African Swine Fever spreads to Haiti

The Chief Veterinary Officer in Haiti on Sept. 20 reported a positive case of African swine fever (ASF) to the World Organisation for Animal Health. The sample was collected from a pig in a province bordering the Dominican Republic and was tested by USDA’s National Veterinary Services Laboratories through a cooperative testing program.

Haiti and the Dominican Republic share the island of Hispaniola in the Greater Antilles archipelago of the Caribbean Sea, to the east of Cuba. ASF was recently found in pigs in the Dominican Republic. It is not a threat to human health, cannot be transmitted from pigs to humans, and is not a food safety issue. However, there is no cure or vaccine for the virus, and all pigs that contract it must be destroyed

USDA’s Animal and Plant Health Inspection Service (APHIS) is assisting both Haiti and the Dominican Republic in dealing with ASF and continues to consult with animal health officials in both countries to support response and mitigation measures.

APHIS has numerous interlocking safeguards in place to prevent ASF from entering the United States. Pork and pork products from Haiti and the Dominican Republic are prohibited entry to the United States as a result of existing classical swine fever restrictions. After ASF was detected in the Dominican Republic, APHIS increased surveillance and safeguards in U.S. territories. It is hoped that these safeguards will also help prevent the spread of ASF to the United States from Haiti.

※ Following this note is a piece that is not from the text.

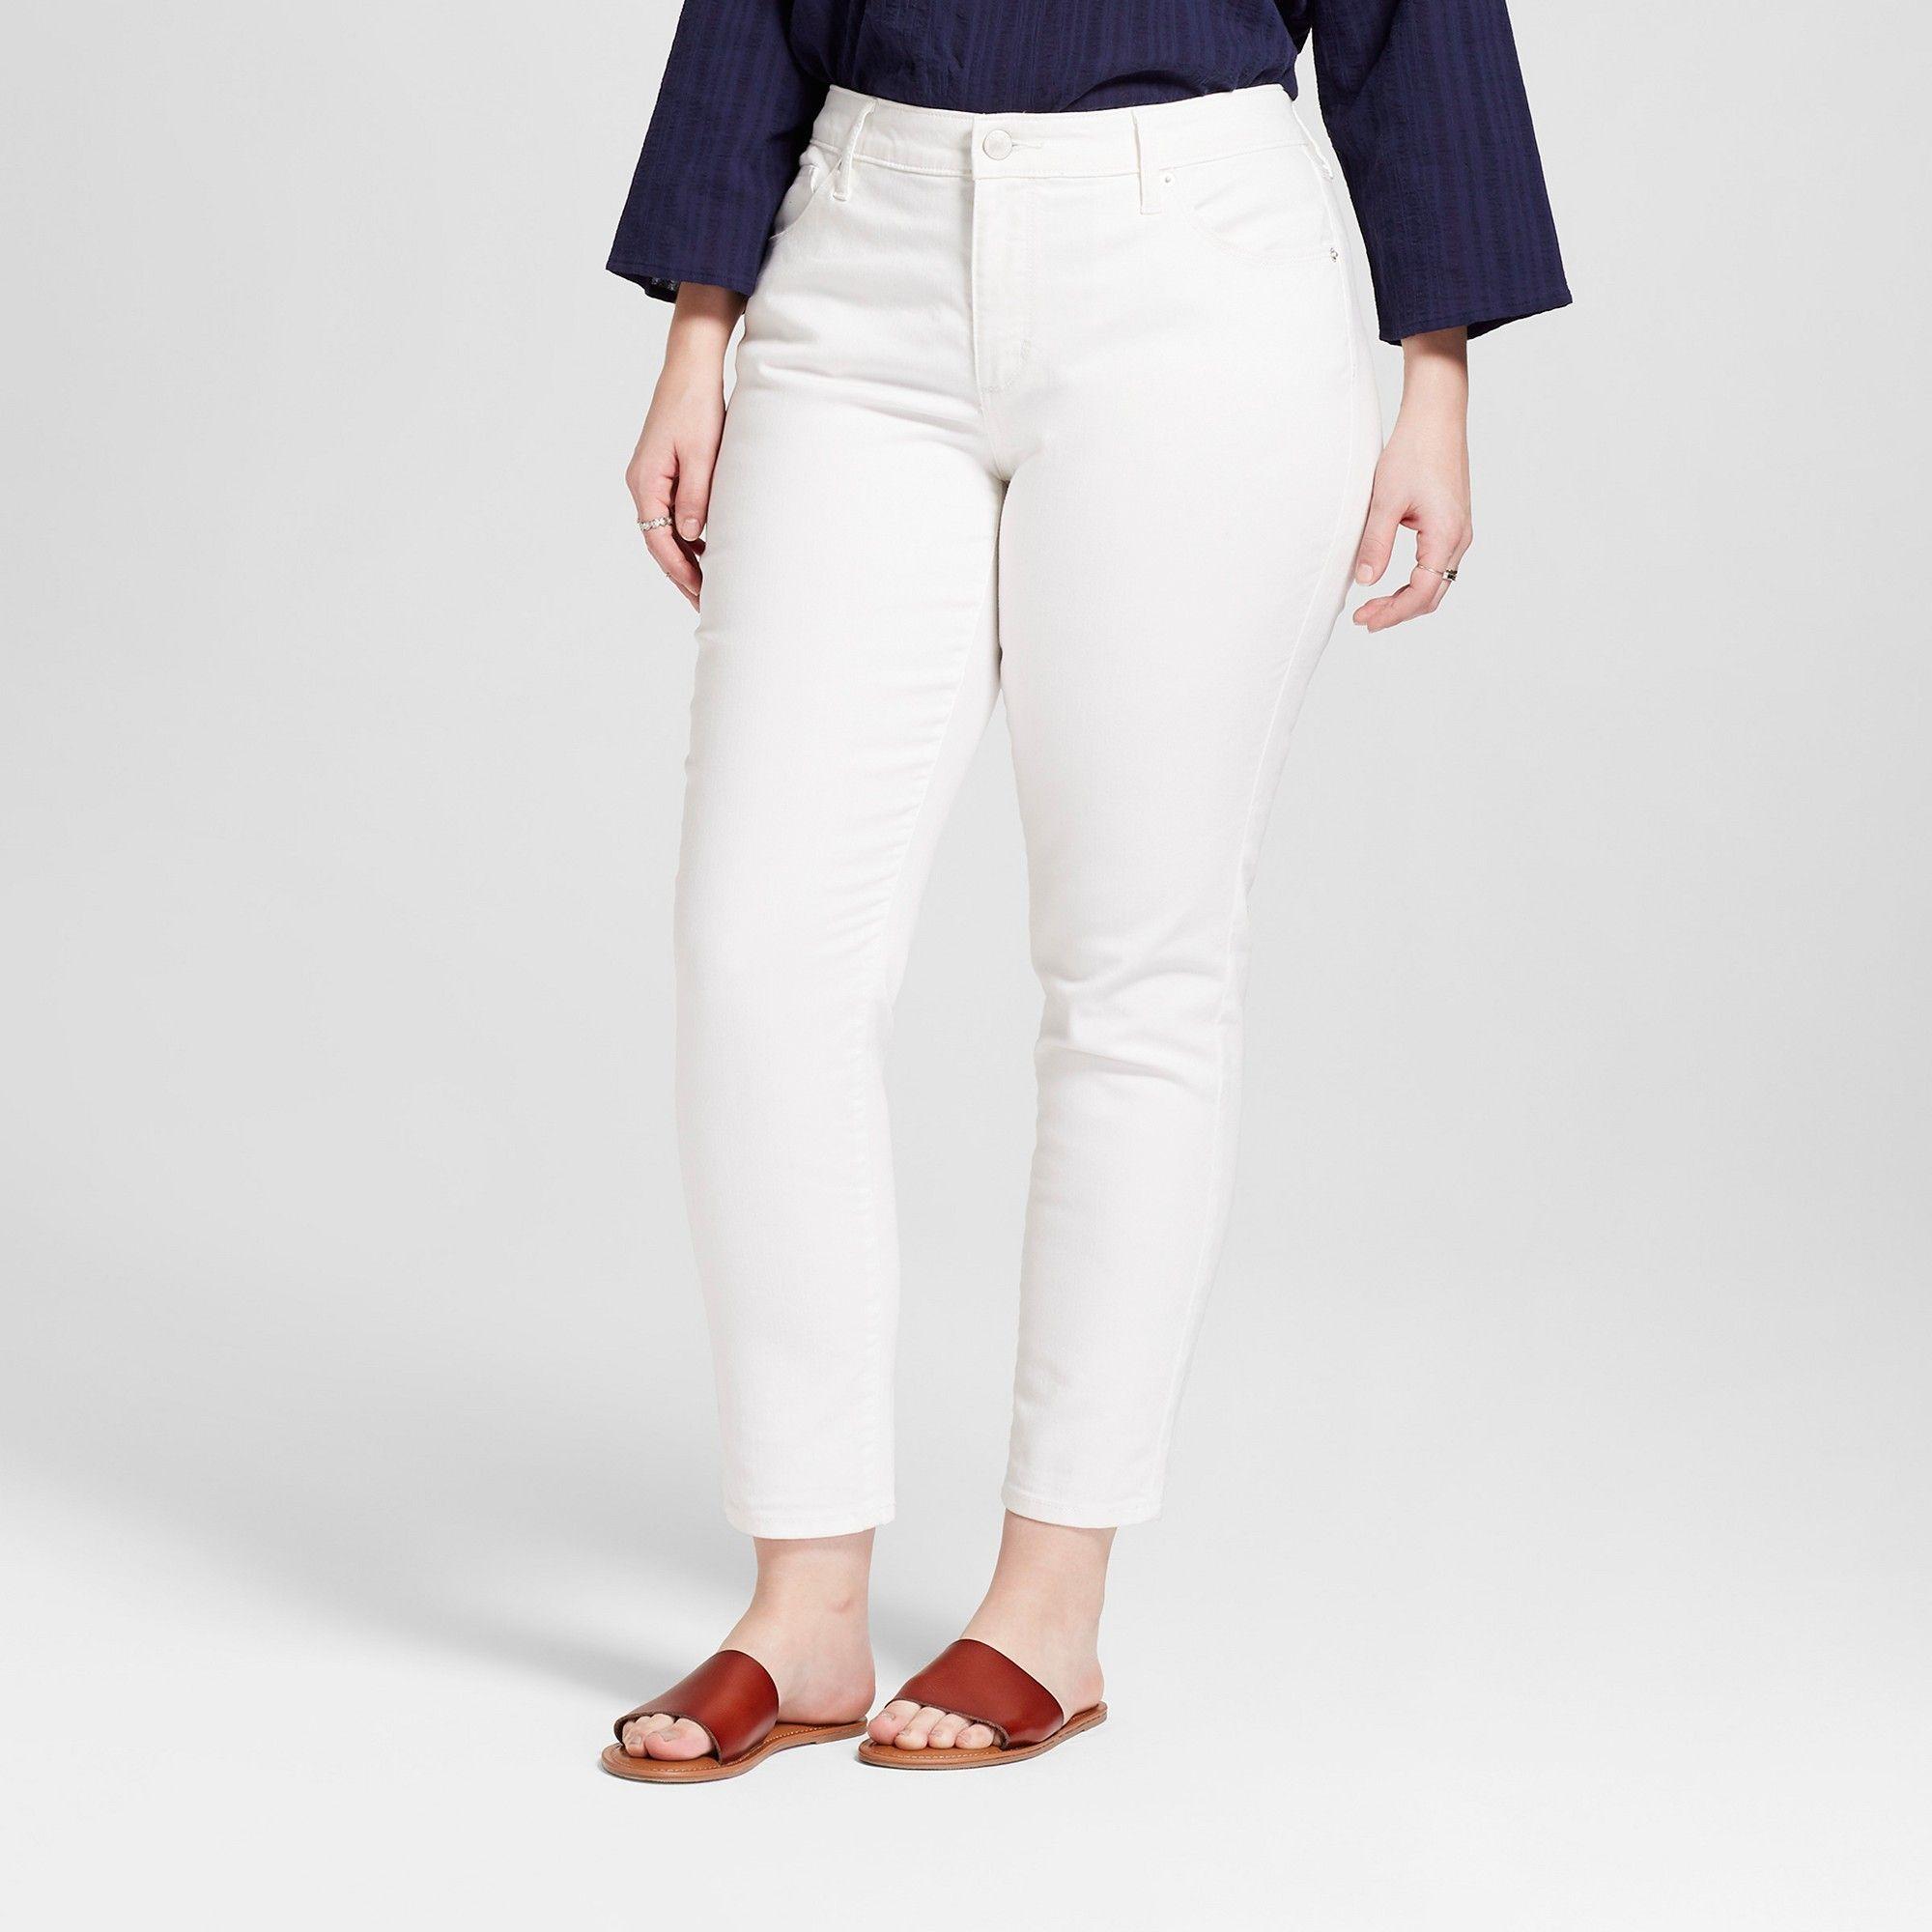 49341cb89172 Women s Plus Size Mid-Rise Skinny Jeans - Universal Thread White 16W ...

APHIS continues to work with partners including the Department of Homeland Security’s U.S. Customs and Border Protection (CBP) and the U.S. swine industry to prevent ASF from entering the United States. CBP is increasing inspections of flights from Hispaniola to ensure travelers do not bring prohibited products to the United States. CBP will also ensure that garbage from these airplanes is properly disposed of to prevent the transmission of ASF.

On Aug. 26, APHIS announced its intent to establish a Foreign Animal Disease protection zone in Puerto Rico and the U.S. Virgin Islands. ASF has not been detected in Puerto Rico or the U.S. Virgin Islands, and APHIS is committed to keeping it out of both islands and the rest of the United States.

As part of the actions taken to create the protection zone, on Sept. 17, APHIS issued a Federal Order suspending the interstate movement of all live swine, swine germplasm, swine products, and swine byproducts from Puerto Rico and the U.S. Virgin Islands to the mainland United States until APHIS can establish sufficient mitigations to authorize such movement.

The USDA is taking these actions out of an abundance of caution to further safeguard the U.S. swine herd and protect the interests and livelihoods of U.S. pork producers.